Monday July 20 7:17 pm

Even as the union representing Stella D’Oro factory workers in New York City is fighting the private equity firm that wants to shut it down, lobbyists for equity firms and other big investors are swarming over Congress to keep the tax breaks that helped fuel such buyout-driven closings. Related tax breaks also helped spur the global meltdown resulting, in part, from taking on too much debt to pay for shady investment instruments such as credit-default swaps.

As a result of these tax breaks, the Service Employees International Union (SEIU), among other reform groups, has urged Congress to “close tax loopholes that encourage buyout kings like KKR’s Henry Kravis and Carlyle’s David Rubenstein to utilize risky debt-laden business models to earn hundreds of millions a year while allowing them to pay a lower tax rate on their huge investment incomes than nurses have to pay on a $50,000 salary.”

SEIU estimated—based on public figures—that Henry Kravis’ creative use of tax loopholes cost taxpayers as much as $96 million in 2006, when private-equity funds were raking in investments to take over companies, then forcing them to pay off the loans the take-over titans used to purchase the companies.

Essentially, the tax system rewards companies and executives that pile up enormous amounts of debt either to use “leveraged buyouts” to take over other companies before reselling them, or to speculate in such near-worthless investments as subprime-based “mortgage-backed securities.”

Then, critics say, the executives line their pockets by paying as little as 15 percent in capital gains taxes on their income when they resell companies bought with other people’s money, rather than the higher 38 percent they’d normally owe on income.

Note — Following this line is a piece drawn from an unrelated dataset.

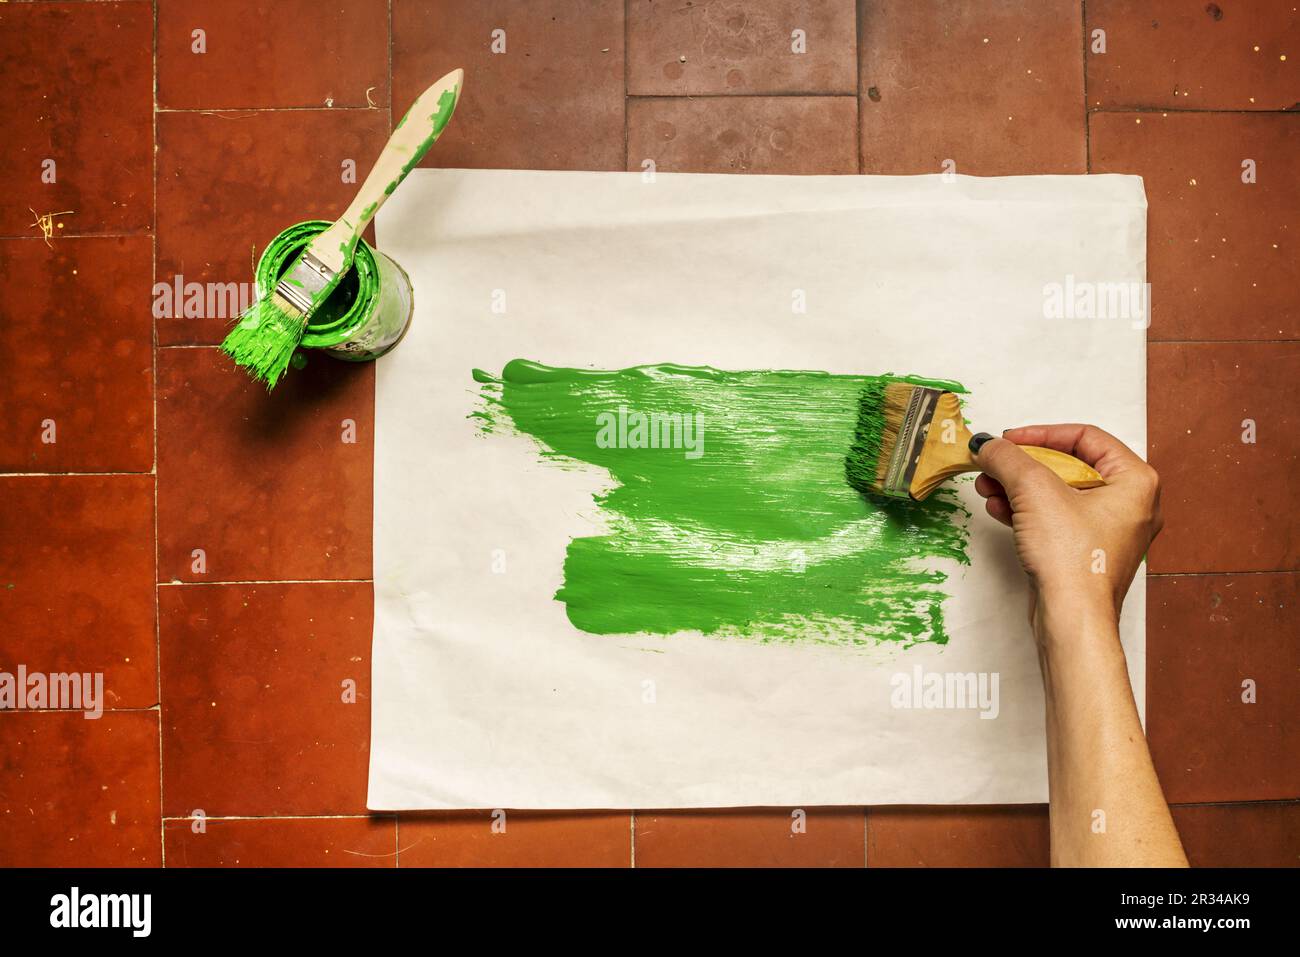 Lackierung eines Papierstapels mit einem Topf grüner synthetischer Emailfarbe mit verschiedenen Pinseln Stockfoto

Last year, Bob Greenwald’s Brave New Films produced an animated cartoon, “Larry the Loophole,” explaining how this lowered capital gains tax windfall fits into private equity funds’ schemes to take over companies:

This low taxation rate on resale profits is formally known as “carried interest,” derived from a long-ago era when, as financial blogger Dana Chasin observes, “private fund managers customarily did take equity positions in the funds they managed. Such positions were referred to as a “carried interest,” – an interest they held as long-term (carried) investors.”